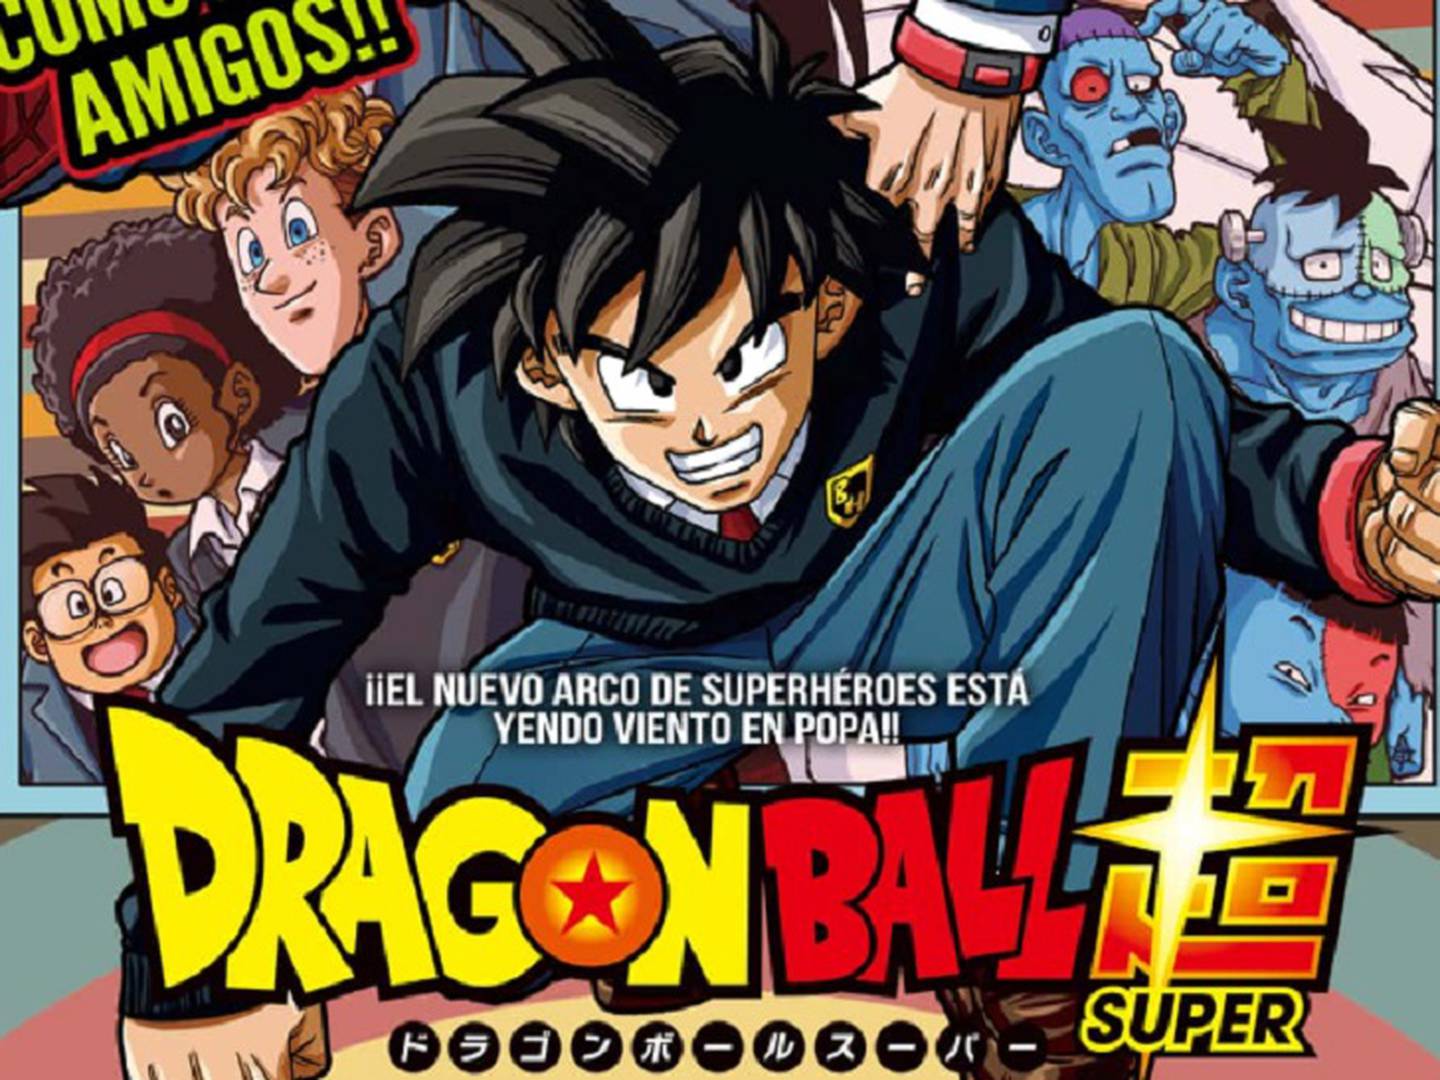 Dragon Ball Super revela primeira imagem do Capítulo 97
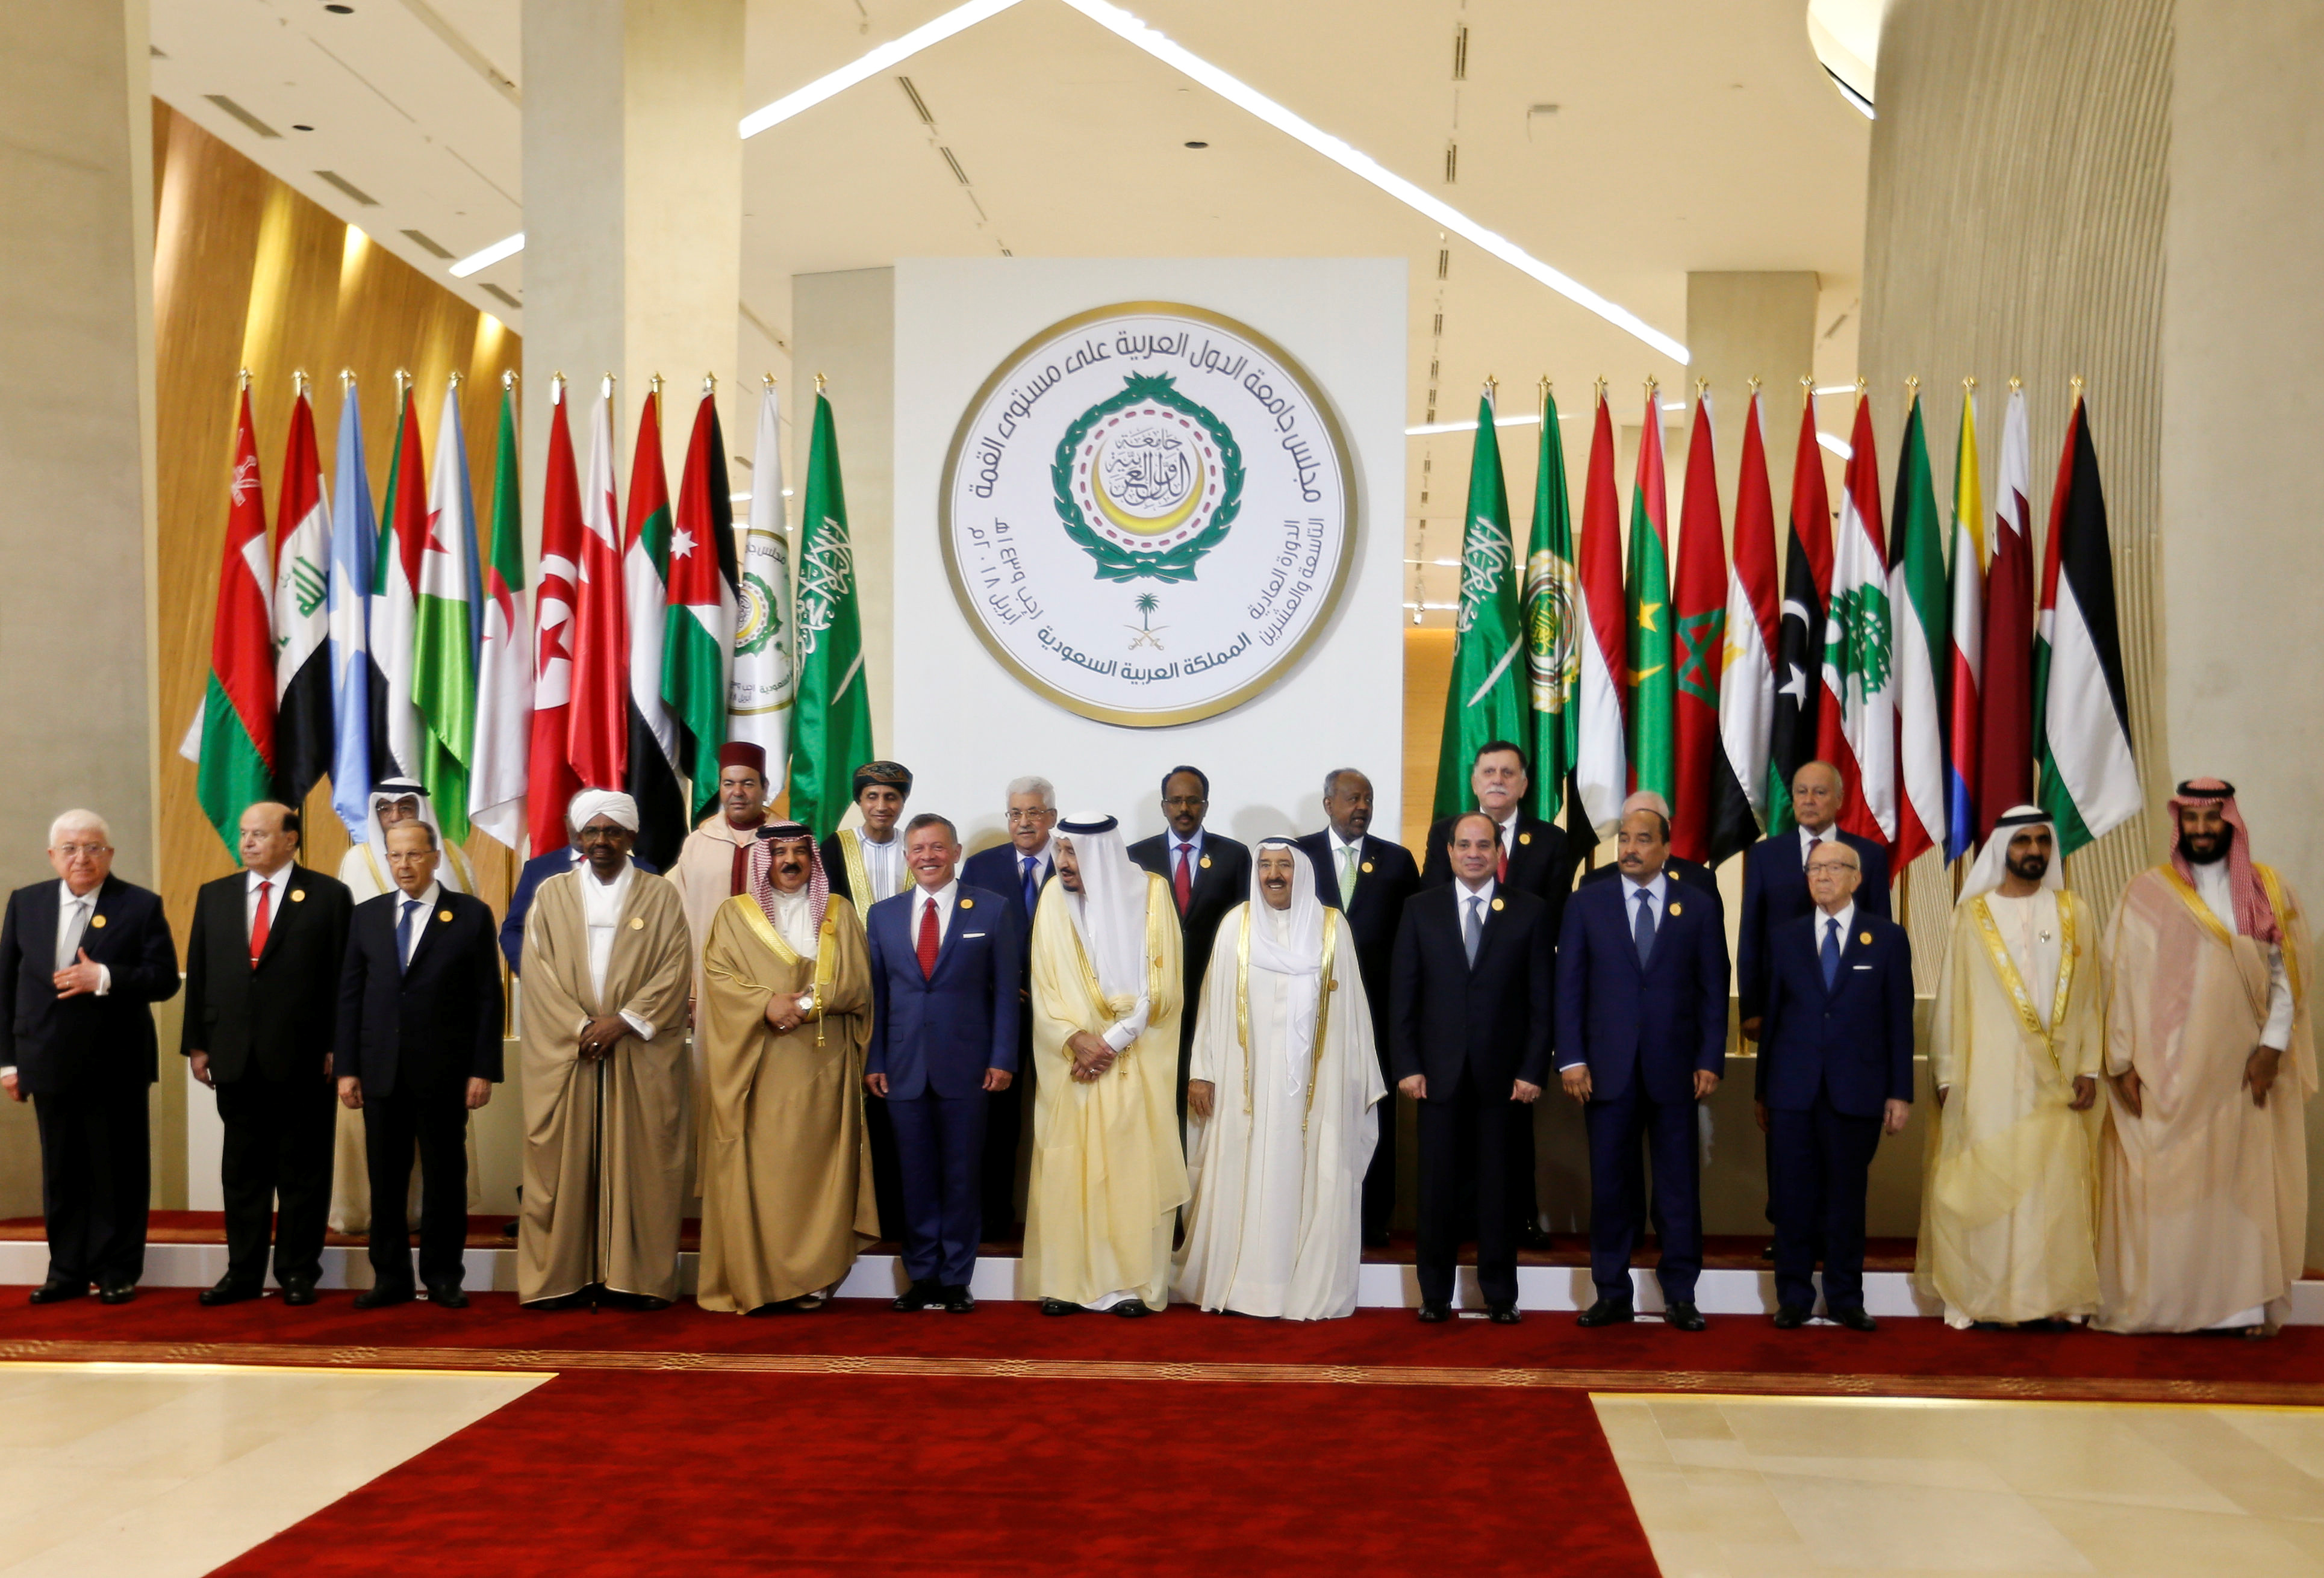 صورة تذكارية للزعماء العرب فى القمة العربية بالسعودية
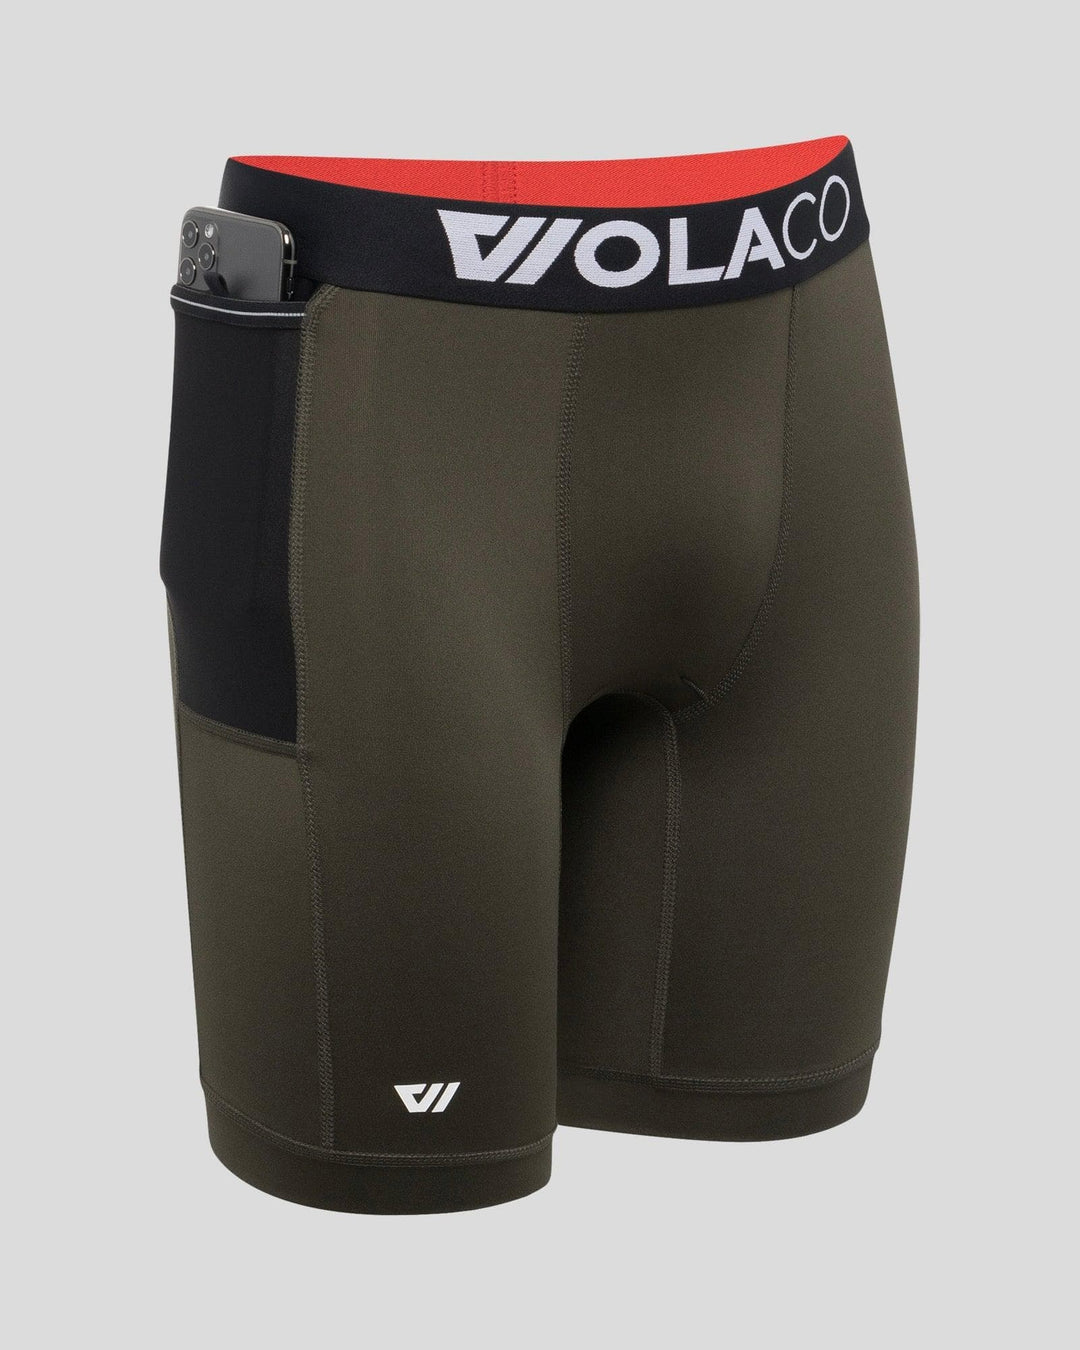 Sports Underwear for Men, Running Boxers
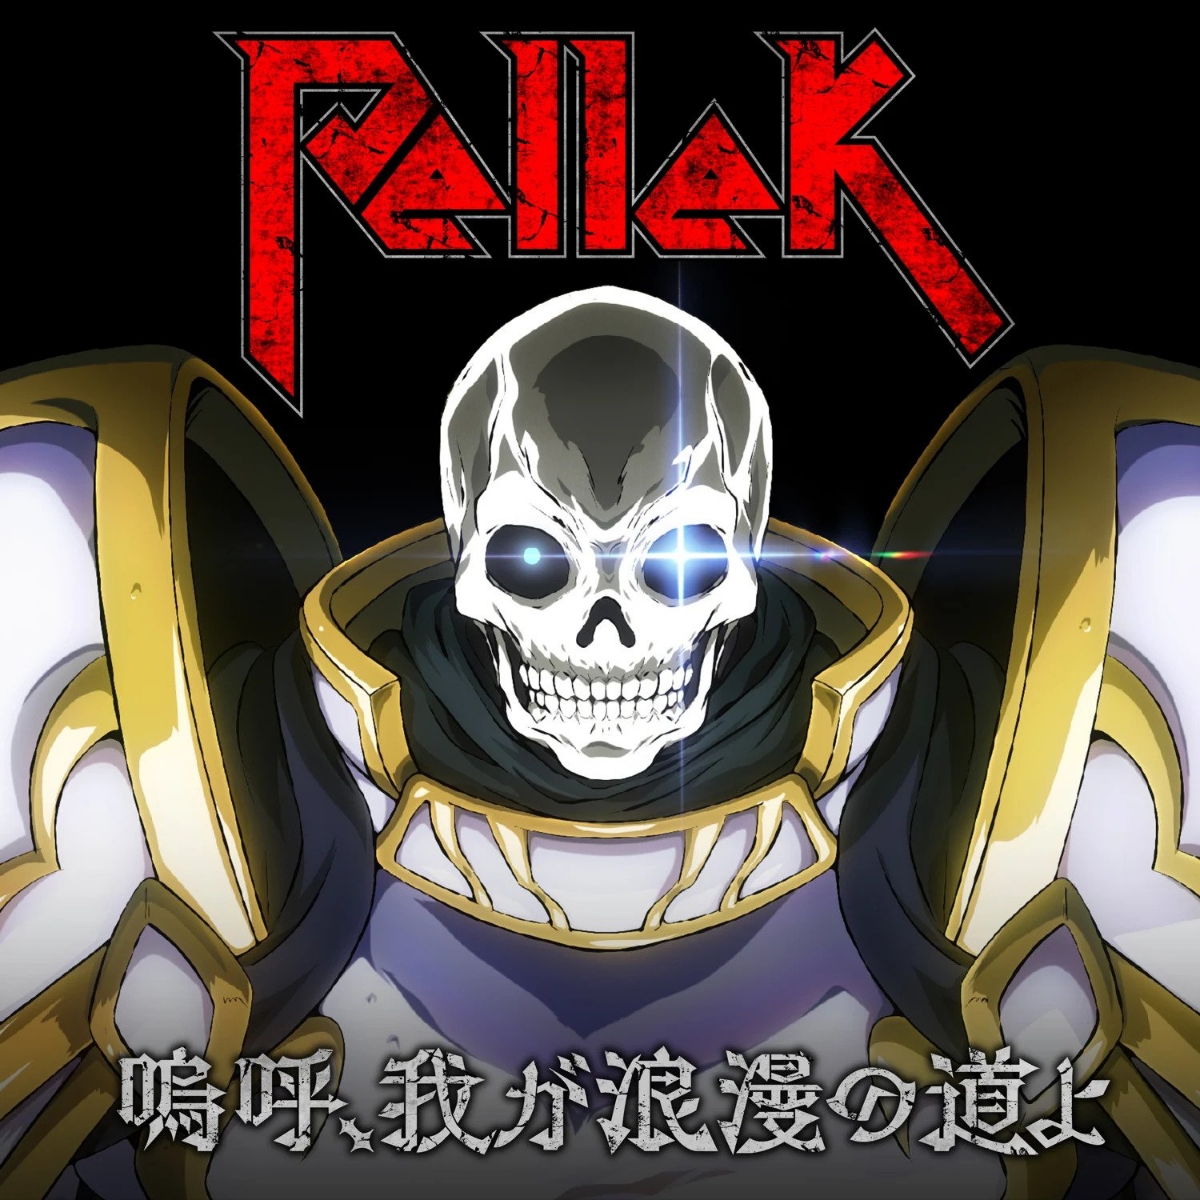 PelleK - Aa, Waga Rouman no Michi yo
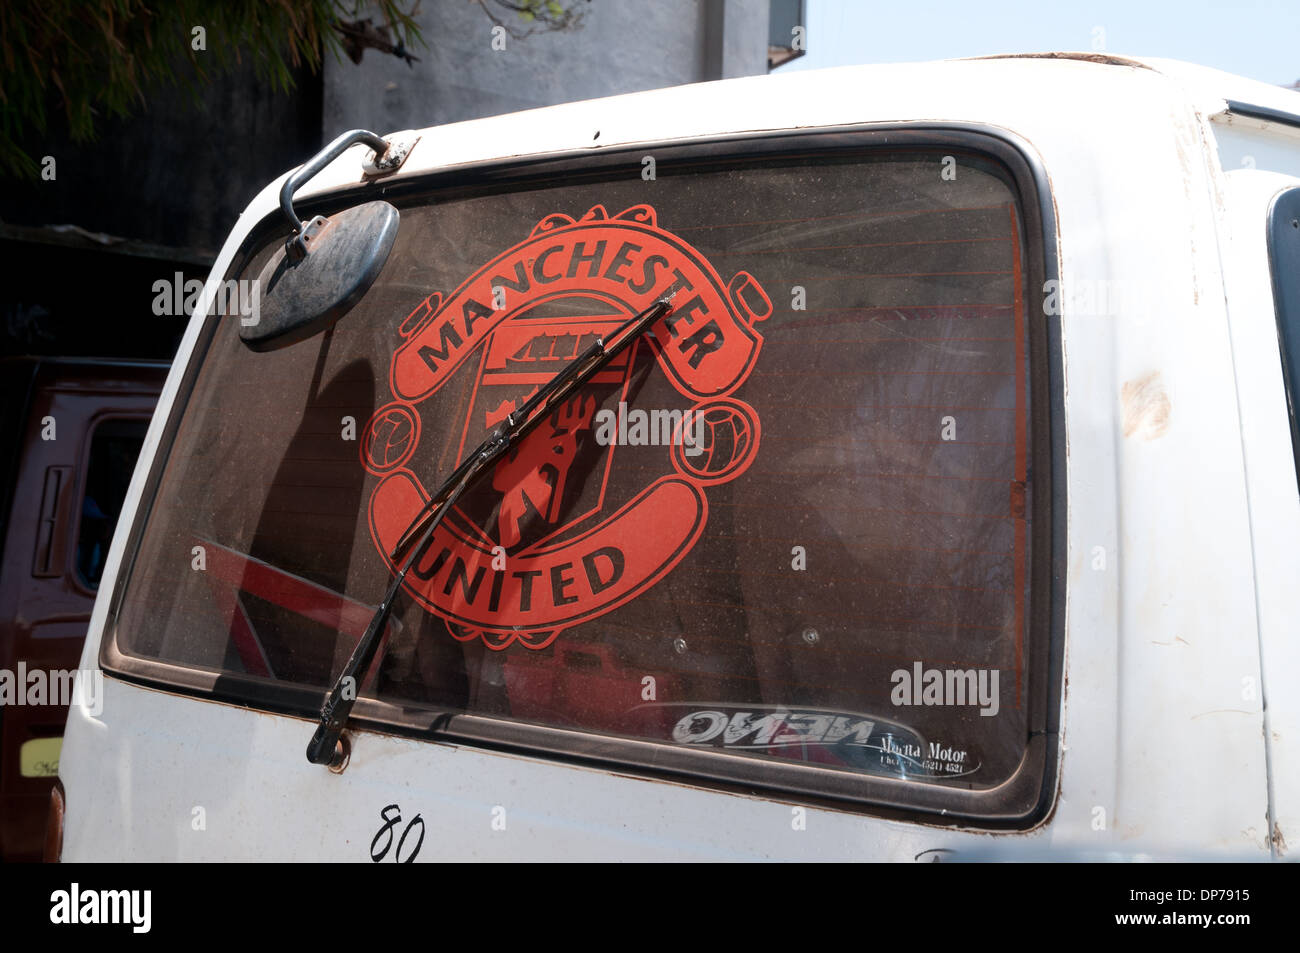 Logo pour Manchester United en vitre arrière de Matatu ou minibus à Nairobi Kenya Afrique Banque D'Images

TASK REQUIREMENTS
Transcribe the whole listing exactly but exclude images.

ANSWER SECTION
 Dragon Ball Super revela primeira imagem do Capítulo 97
 صورة تذكارية للزعماء العرب فى القمة العربية بالسعودية
 Sports Underwear for Men, Running Boxers
 PelleK - Aa, Waga Rouman no Michi yo
 Logo pour Manchester United en vitre arrière de Matatu ou minibus à Nairobi Kenya Afrique Banque D'Images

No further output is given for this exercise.